#### Data shown:
──────────
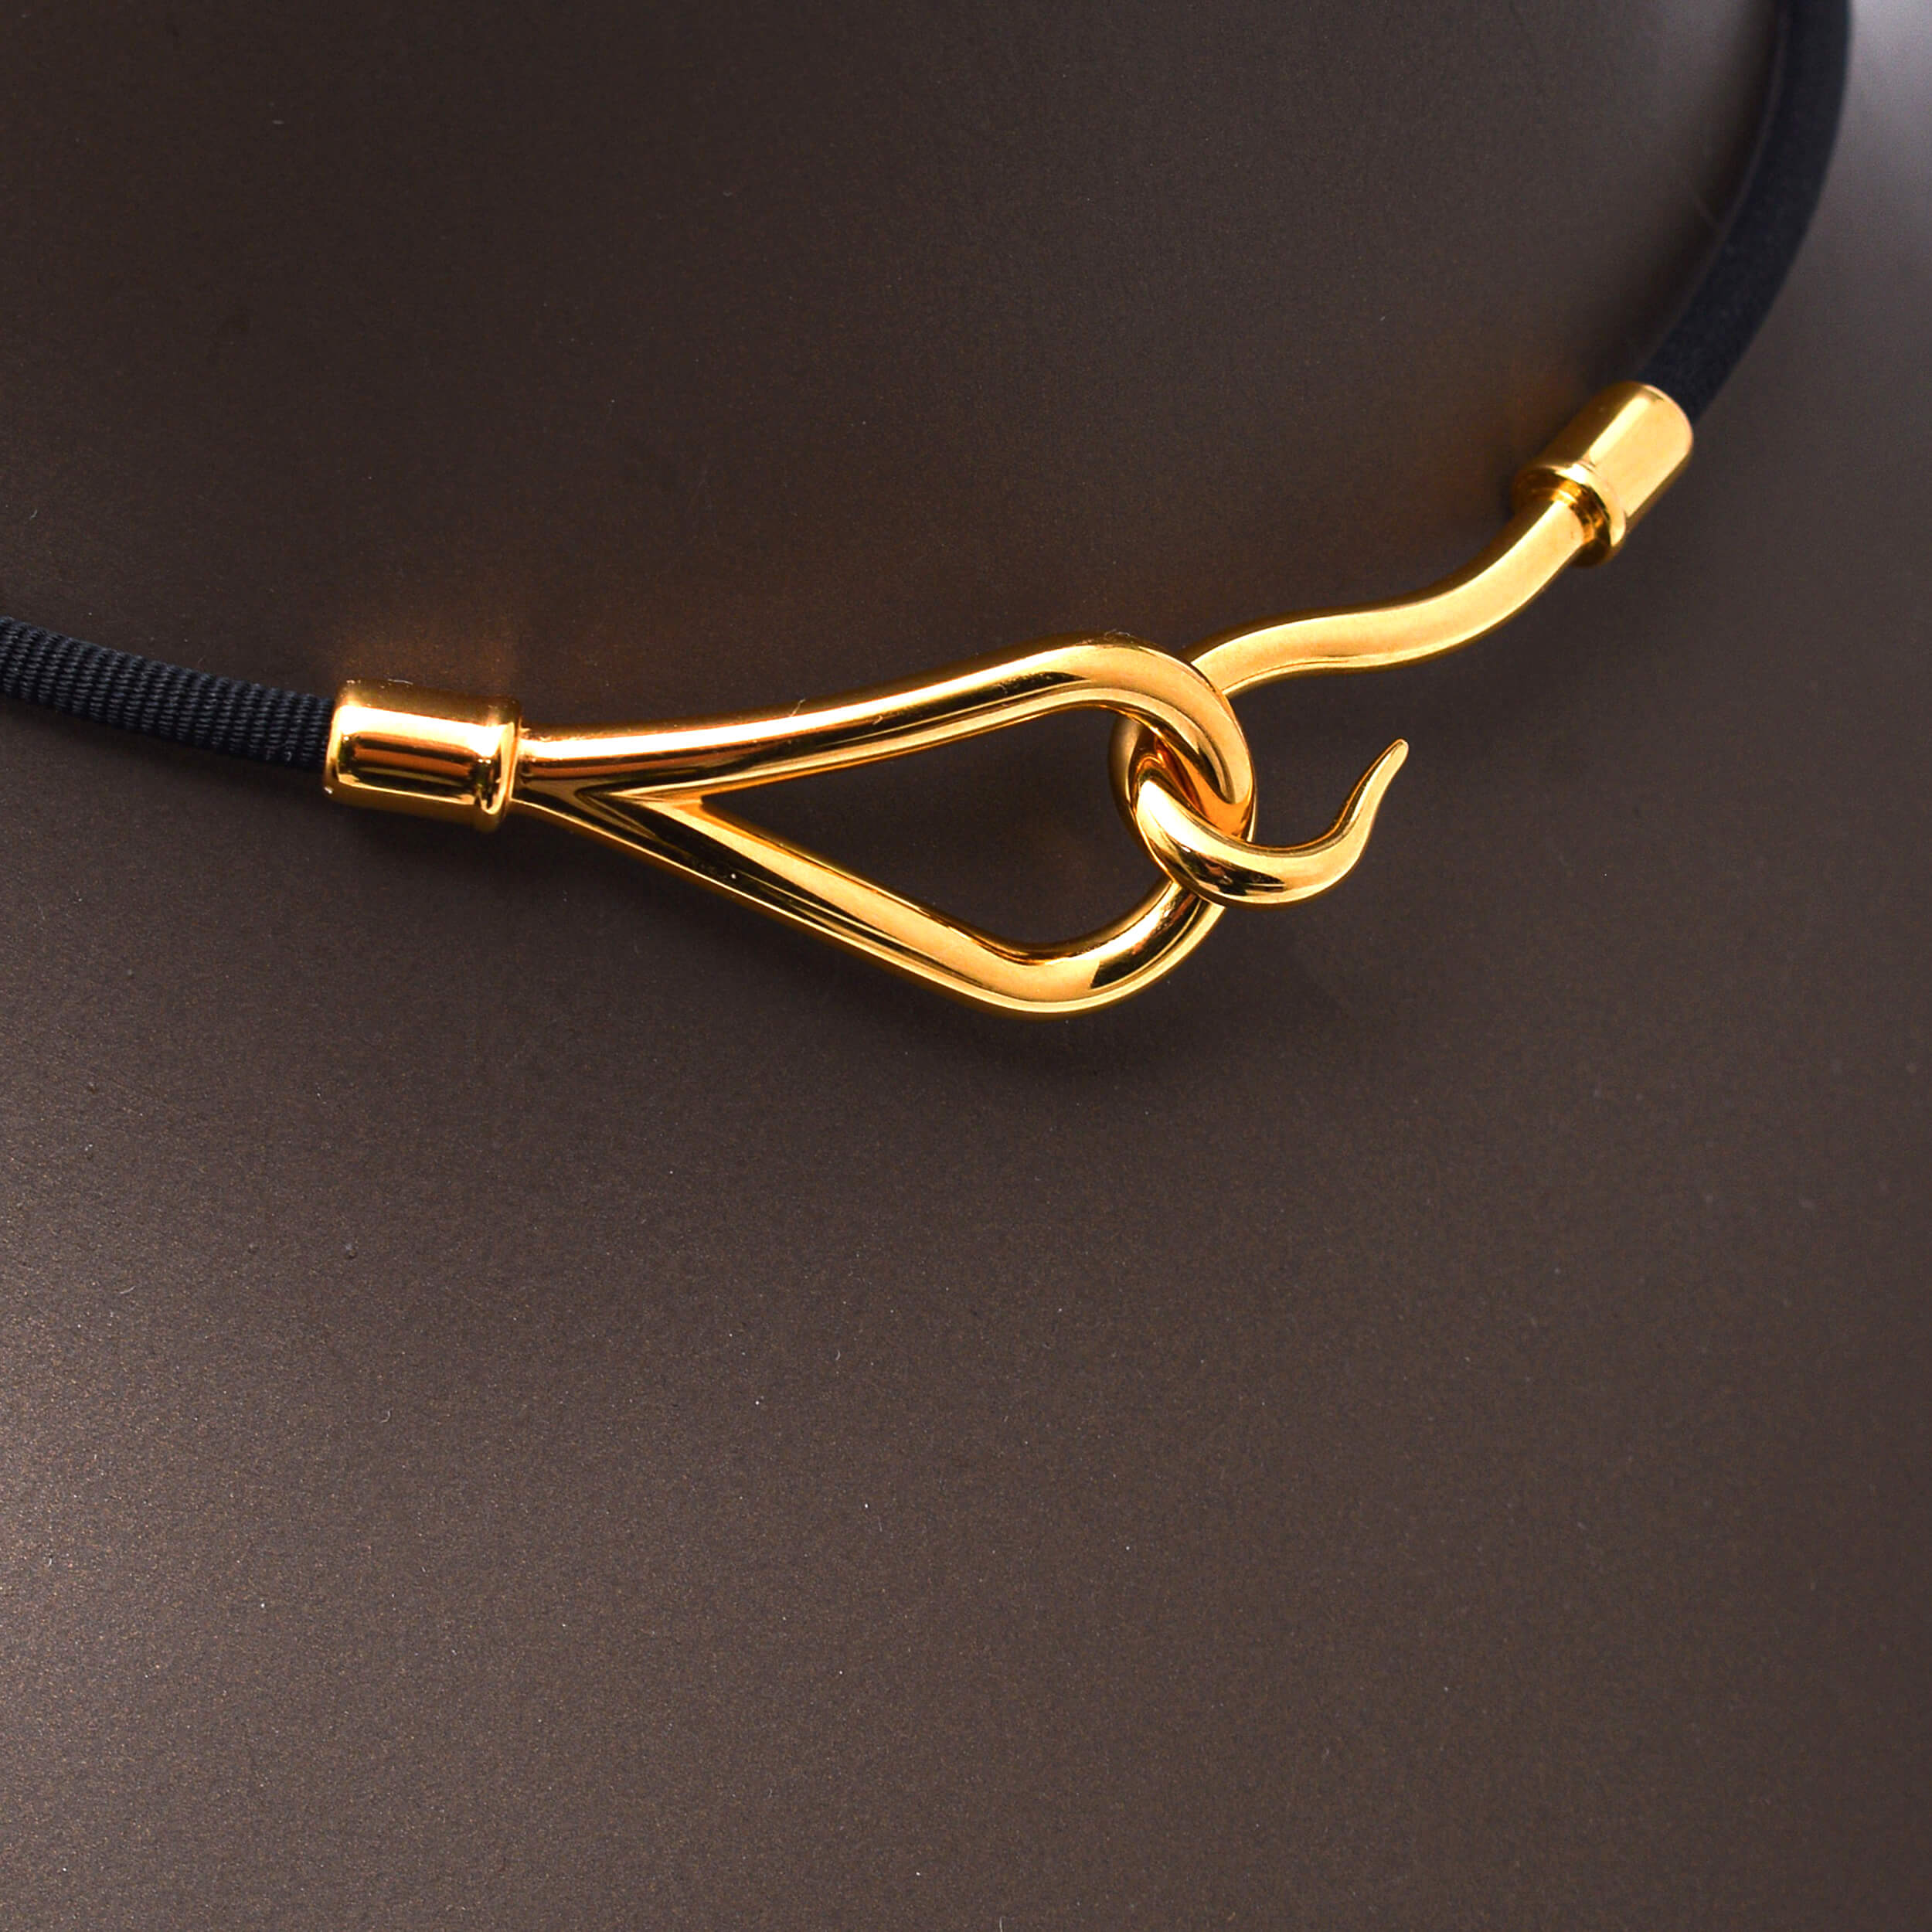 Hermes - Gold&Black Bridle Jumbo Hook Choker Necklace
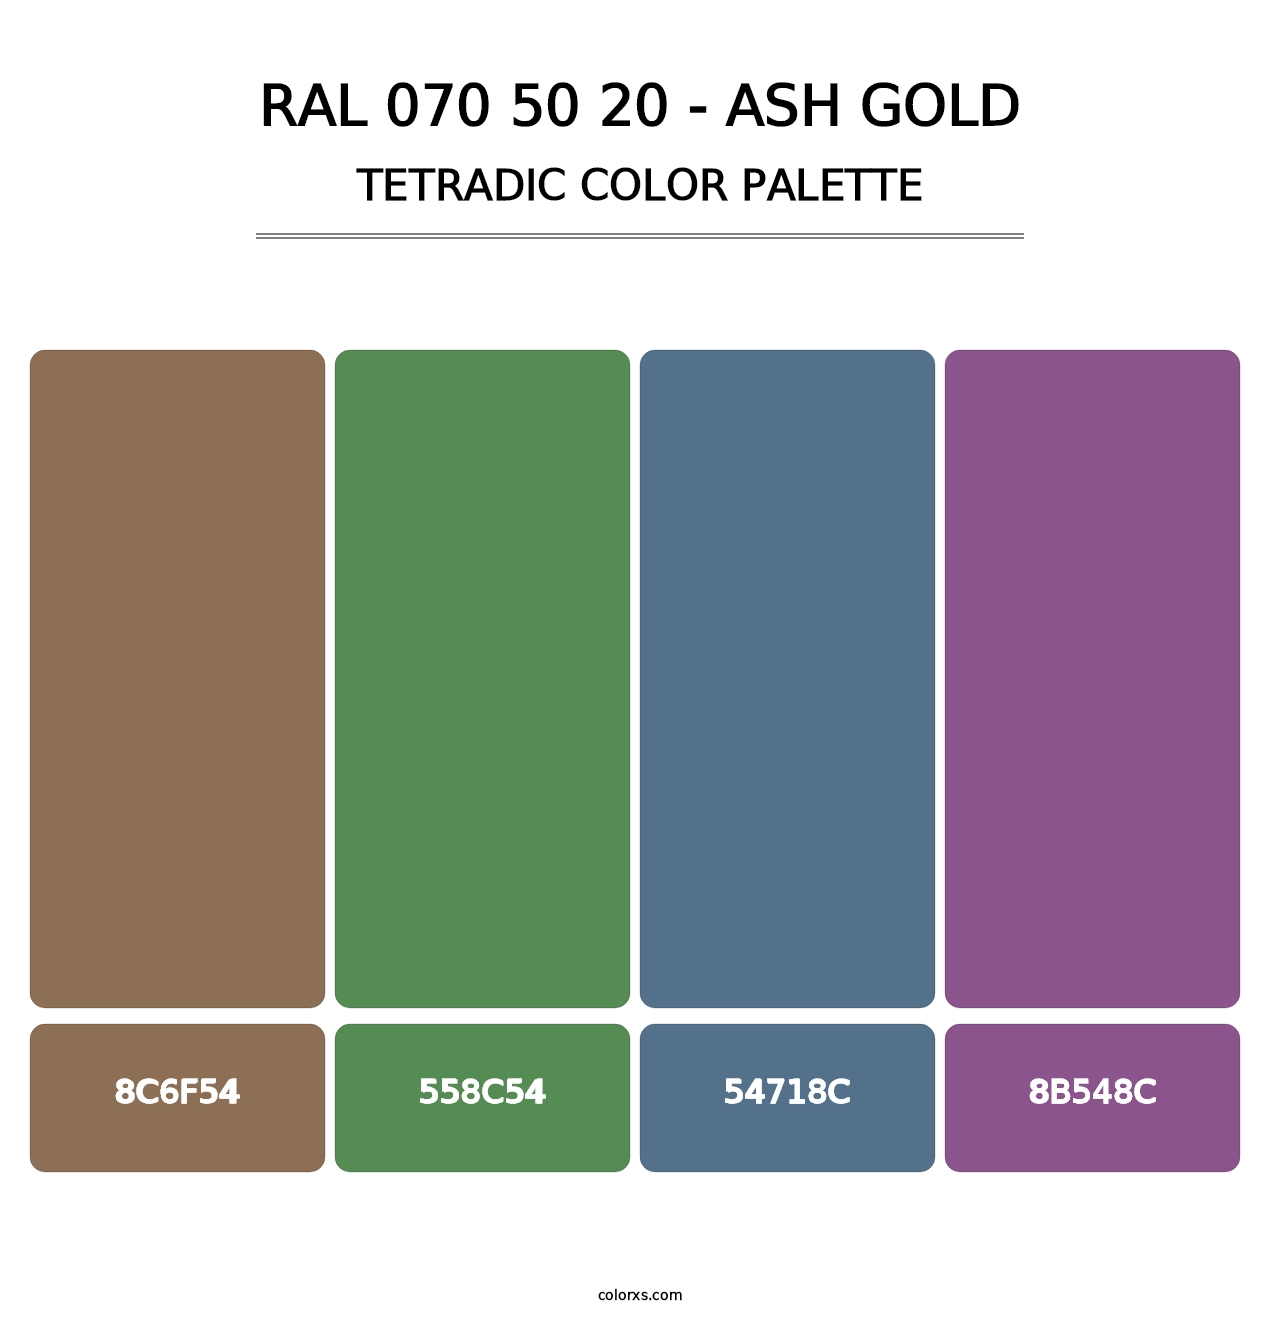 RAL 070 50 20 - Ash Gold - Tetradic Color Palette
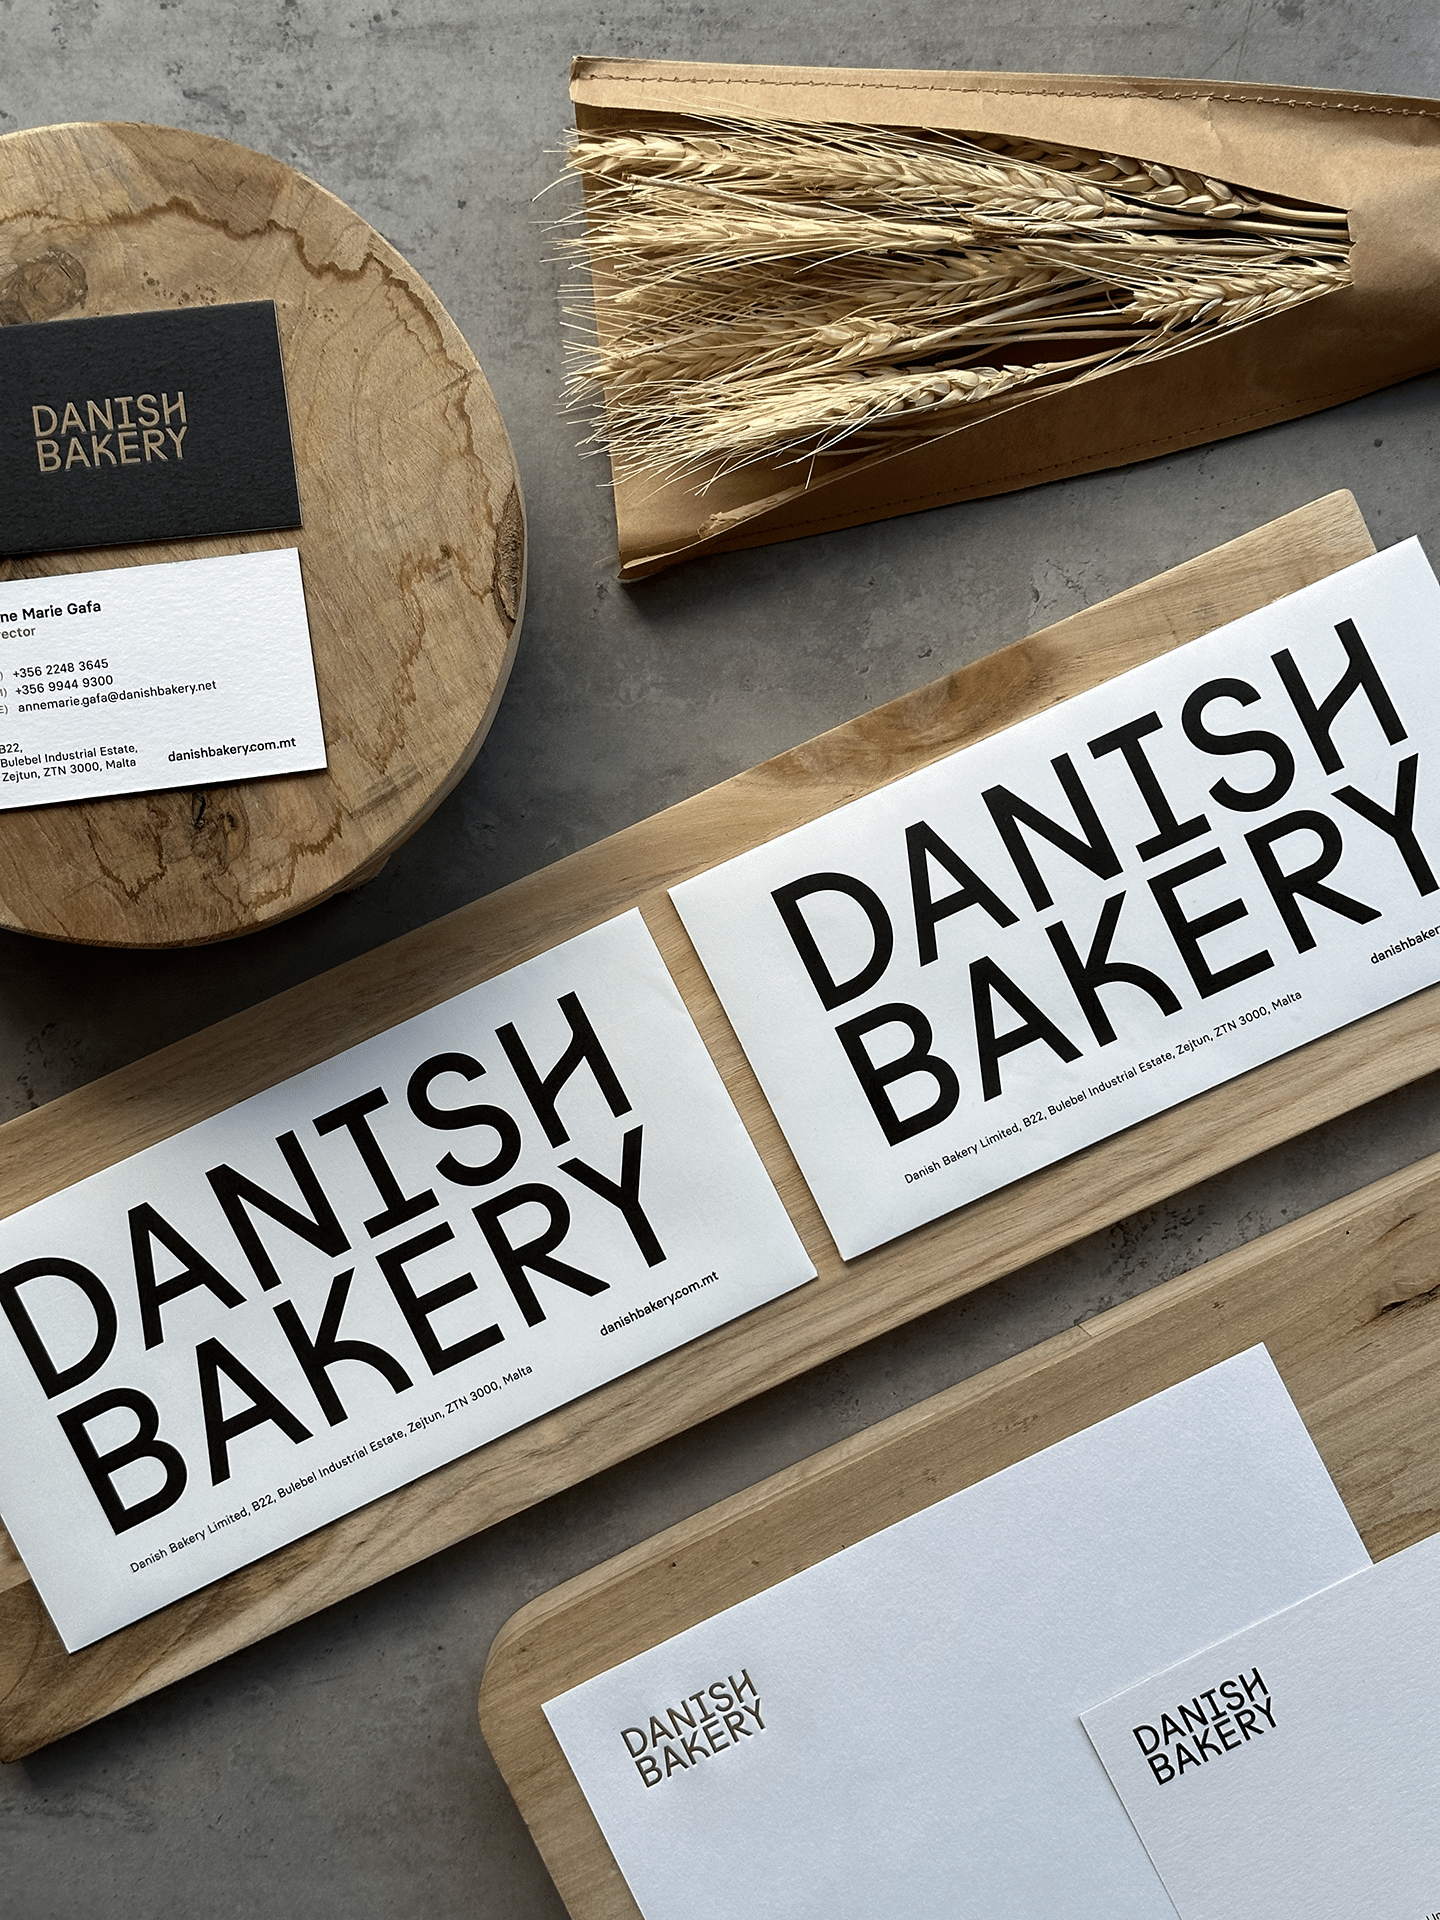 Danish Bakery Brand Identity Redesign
──────────
#### Exercise goal:
Without including any pictures, print all of the material exactly as given.

#### Answer to the exercise:
 Hermes - Gold&Black Bridle Jumbo Hook Choker Necklace
 RAL 070 50 20 - Ash Gold - Tetradic Color Palette
 Danish Bakery Brand Identity Redesign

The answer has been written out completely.